В русских волшебных сказках женщины-оборотни делятся на три общие категории: 1) Чудесные жены; 2) Заколдованные возлюбленные; 3) Подмененная жена или невеста. Тип «чудесные жены» воплощен в известной сказке «Царевна-лягушка» и «Сказке о лягушке и богатыре». Хотя обе сказки имеют схожую сюжетную линию, тонкие различия в изображении женщин-оборотней можно заметить уже в деталях описания. Сказка «Царевна-лягушка», начинается с того, что, по приказу старого царя, трое его сыновей отправляются в «чистое поле» и стреляют из лука, чтобы найти себе жен, «старшие боярыню и купчиху в жены взяли, а младшему лягушка досталась». Впоследствии выясняется, что лягушка на самом деле является Василисой Премудрой, на которую наложил «оборотные» чары ее собственный отец («Василиса Премудрая хитрей, мудреней своего отца уродилась. Он за то осерчал на нее и велел ей три года быть лягушкой» [3, с. 260–267]). Возможно, попыткой могущественного отца Василисы Премудрой понизить ее статус можно объяснить превращение Василисы именно в лягушку, т. е. существо, ассоциирующееся с «нижним» хтоническим миром [5, с. 5]. В сказке не объясняется, кто именно является отцом Василисы, намекается лишь, что он является могущественным магом. Некоторые детали сказки позволяют выдвинуть два варианта происхождения лягушки-царевны. Первый предполагает, что отцом Василисы является Кощей. Об этом пишет В.П. Федорова при анализе того же варианта сказки [20, с. 109]. Исследователь отмечает: «Родившись от Кощея Бессмертного, она должна быть змеей, родной его дочерью. Видимо, в этом образе соединились черты двух героинь-тотемов: змеи и лягушки. Разрушение мифологического сознания привело к выветриванию мотива связи героини со змеей» [Там же]. Второе предположение основывается на связи образа лягушки со стихией воды как основы всей жизни, присутствующей в фольклоре разных народов [Там же, с. 107]. Ввиду этого, можно предположить, что изначально в мифе ее отцом мог бы быть Морской царь.

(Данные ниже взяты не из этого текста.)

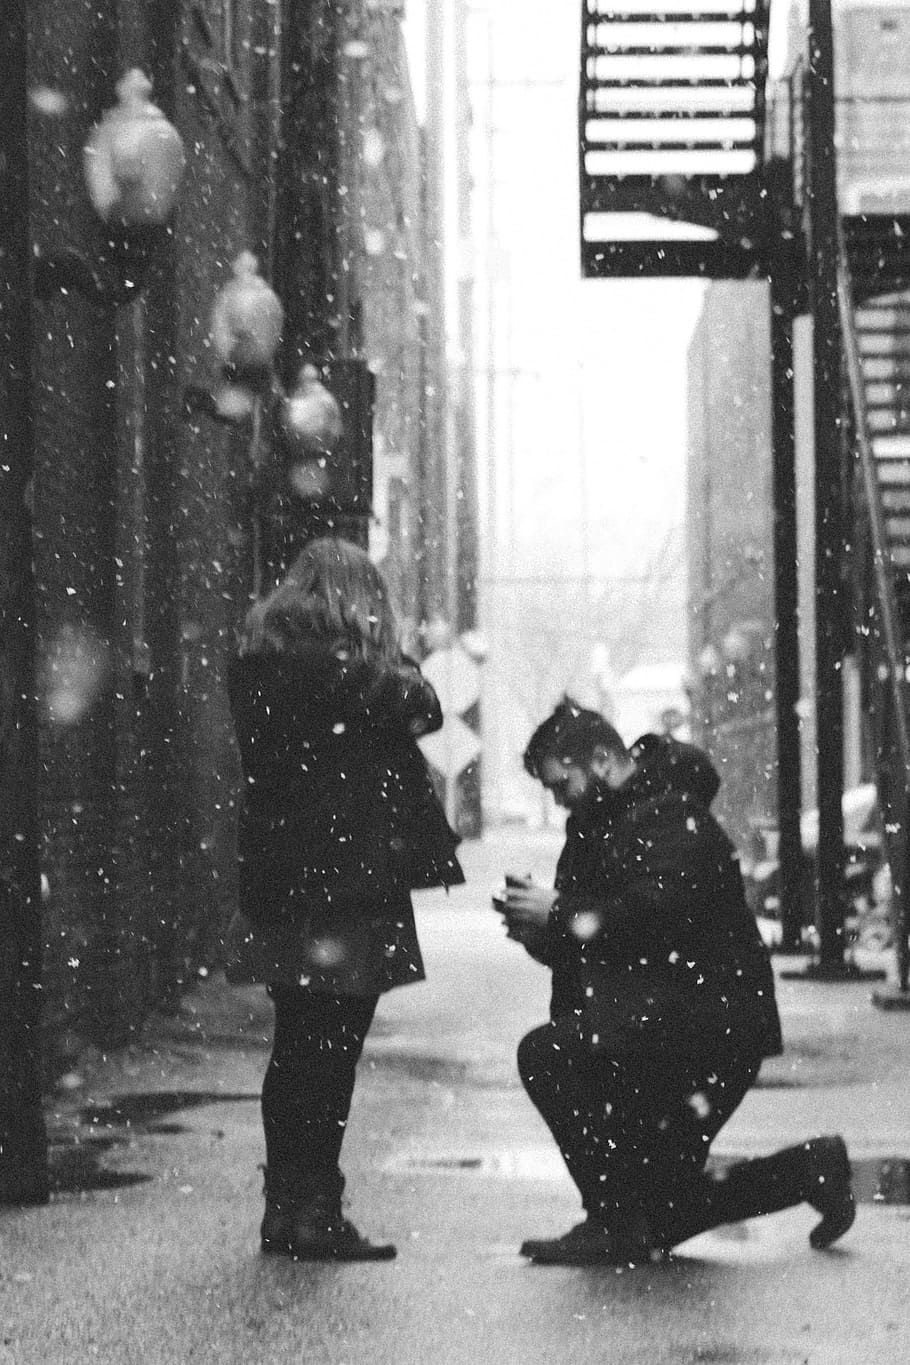 man, kneeling, front, woman, black and white, people, couple, propose, love, snow

В сказке лягушка вынужденно возвращается к отцу — Кощею, имя которого раскрывает его принадлежность к миру мертвых. Смерть Кощея — единственный способ для Ивана-царевича освободить невесту и увести ее в свой земной мир. Побег сопровождается системой оборотничества предметов, превращающей силой ее магии обычные вещи в природные защитные силы. Царевна-лягушка пересекает границу между миром живых и мертвых, будучи лягушкой, связанной с животворящей силой воды, и Василисой Премудрой — царственной персоной, наделенной особым магическим знанием. Перейдя в пространство живых, указав царевичу на неизбежность брака в результате судьбоносного выбора, лягушка начинает творить на пиру новый совершенный мир и повторить ее действия обычным невестам других братьев не под силу. Смерть Кощея символизирует избавление от вредоносных сил мифического мира, чему способствует царевна, пришедшая из иного мира. Ее поиск Иваном-царевичем пробуждает гуманистические мотивы во взаимоотношениях с природой. Противостояние человеческого и животного начал сменяются их взаимодействием в уничтожении сил зла, а готовящиеся убийства оборачиваются идиллией взаимопомощи. Таким образом, феномен оборотничества способствует совершенствованию «царства» Ивана, и женщина-оборотень — главный фактор изменений, а брак с «царевной-лягушкой» гарантирует пролонгацию благополучия.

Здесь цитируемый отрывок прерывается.